The slimmer part of the kitchen, pushed aside by the square metres of bathroom, houses their sink, their fridge and their stove. It houses the small attempt at a countertop and the couple of fruit basket racks where they keep their non-refrigerated, well, fruits and veggies. It’s also where the main window of the apartment is; their ceilings are not particularly high, so to say that this window reaches from the counter to near the ceiling is not saying too much, but it’s more than enough. It faces south, the same wall as their bathroom, and keeps their flat well-lit at all times. The kitchen, at least.
Their bedroom faces east.
Their bedroom window, which takes up most of their east-facing wall, gives them a view of the rest of the city. Some of the skyscrapers downtown, albeit sparse, then the residential neighbourhoods, and even a bit of forest, far into the horizon. Their bed is pushed right underneath it, so the sunrise lights up the wall opposite them in clear white and streaks of golden, purpling the night sky in graceful pinks and that shy white-blue, tentatively turning the leaf on another day. The forest tells them the seasons; it’s bright green in the spring and dark green in the summer, it’s sunset-gold for most of autumn, and grey, sometimes snowy and white, when winter comes.
Their mattress is king-sized and expensive, but it doesn’t have a frame. It’s supported on driftwood planks and nails that Orugio didn’t buy, but got—his parents’ housewarming gift wasn’t a set of kitchen utensils, a throw pillow, or books. It was a toolbox and a first-aid kit.
Their room is mostly minimalistic, their bed dead-centre and aligned under the window. By the left wall—from the door, and right from the bed—there’s a clothing rack with common items and accessories, and on the right, drawings and paintings made by Qifrey’s students, his pride and joy. They’re hung from yarn after the proven ineffectiveness of tape, and there’s always space for one more.
When they moved in, empty walls and empty floors, they sat in the kitchen, the room still warm from the summer sunset, and shared glasses of wine.
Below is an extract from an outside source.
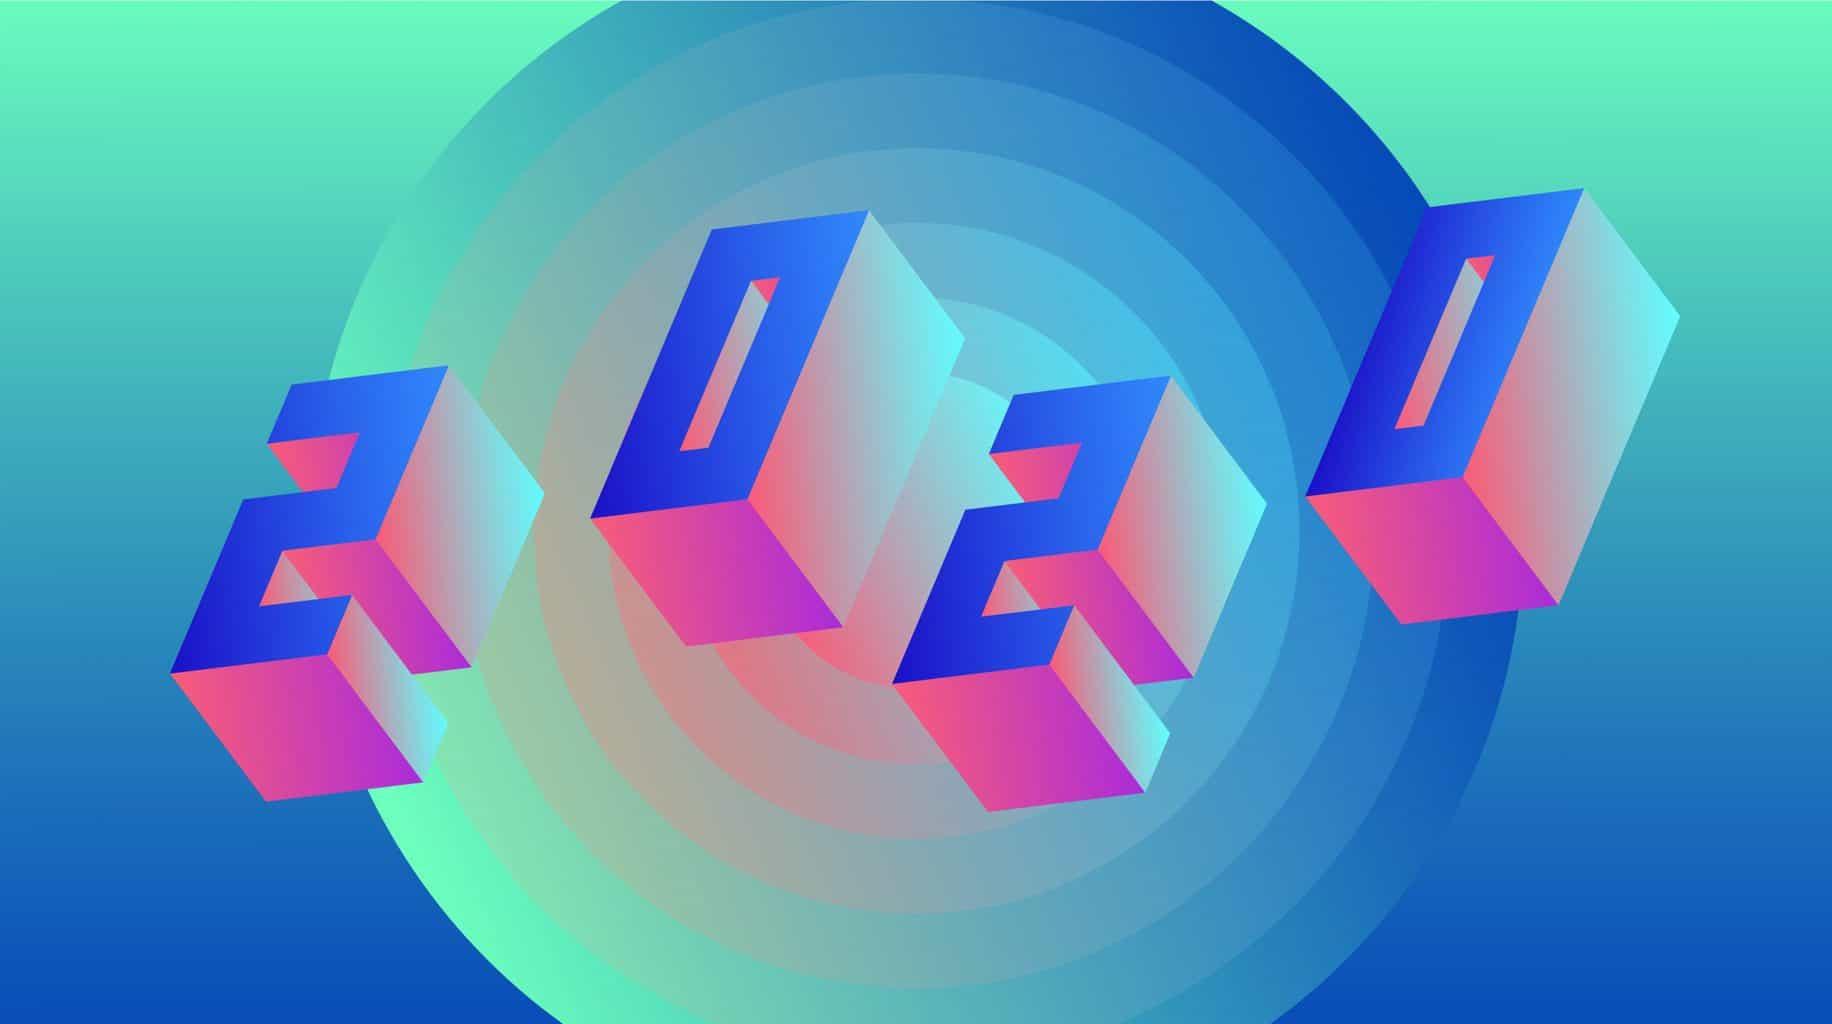 5 popular font trends for 2020

“It’s not much,” Qifrey said, a smile faint and soft on his lips, the drawstrings of his cotton shirt pulled wide from the heat and showing the warm expanse of his collarbones and his chest. The flat looked both bigger and smaller in its emptiness; it’s hard to describe the feeling of moving into a new place, of finding somewhere to belong.
“It’s ours,” Orugio said in response, his words sunny. Qifrey laughed, nodded, agreed. Orugio reached for his hand and took it.